John D. Rockefeller (b. 1839) is a splendid example of those many and noble American millionaires who have responded with astonishing liberality to the promptings of their philanthropic natures. The reconstruction of the Chicago University, the founding or endowment of other public institutions, and of numerous charitable benefactions, together embracing the expenditure of many millions, are magnificent monuments to Mr. Rockefeller’s share in promoting the progress of his country during the last quarter of the nineteenth century.

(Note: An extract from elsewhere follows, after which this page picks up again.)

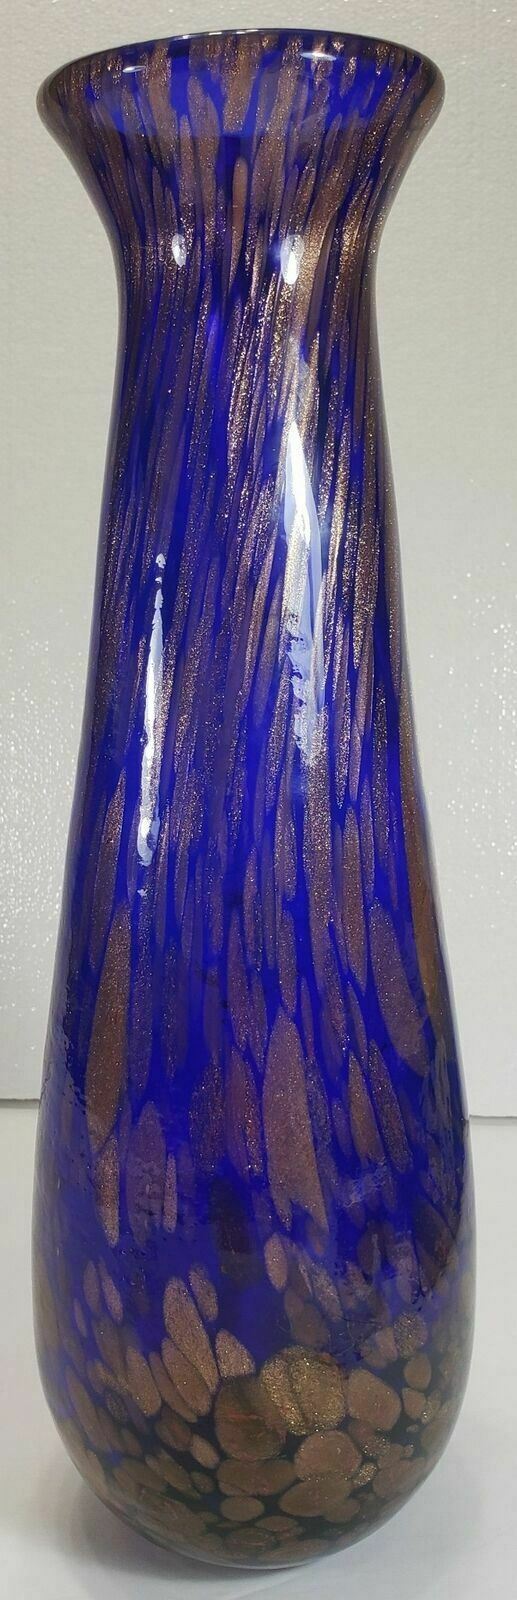 Murano Cobalt Blue & Embedded Gold Vase, 17 1/4" Tall Gorgeous!

Matthew Vassar (b. April 29, 1792; d. June 23, 1868) founded Vassar College, N. Y., in 1861. A brewer of large fortune, he conceived the idea of erecting and endowing a college for women, wherein education could be obtained either moderately or gratuitously, and which should be undenominational. To this end he gave land and $428,000 for buildings and equipment. Again he gave $360,000. Other members of his family added to his gifts, till $1,000,000 and more were expended in buildings, apparatus, etc., and the endowment amounted to over $1,000,000.
INVENTORS.—George Stephenson, of England (b. June 9, 1781; d. August 12, 1848), was the first (1814) to construct a satisfactory locomotive steam engine. In 1815 he introduced the steam blast into his second locomotive. In 1822 he built and operated his first railway, eight miles long. In 1829 his engine, named the Rocket, was driven at the rate of twenty-nine miles an hour. He invented a safety lamp, which is still in use in English collieries. A natural genius and self-taught mechanic, he refused knighthood, but has received by common consent the title of the father of railways.
Richard M. Hoe (b. September 12, 1812; d. June 7, 1886) completely revolutionized the art of printing by the invention of his “lightning” rotary press, in 1846. This marvel was capable of printing 20,000 impressions an hour. After many costly experiments, with a view to printing both sides of a sheet at once, he evolved his web-perfecting press, which drew the paper from a roll, perhaps miles in length, at the rate of 1000 feet a minute, printed both sides simultaneously, and cut and folded the sheets at the rate of 20,000 per hour. Subsequent improvements have given his machines a much larger hourly capacity.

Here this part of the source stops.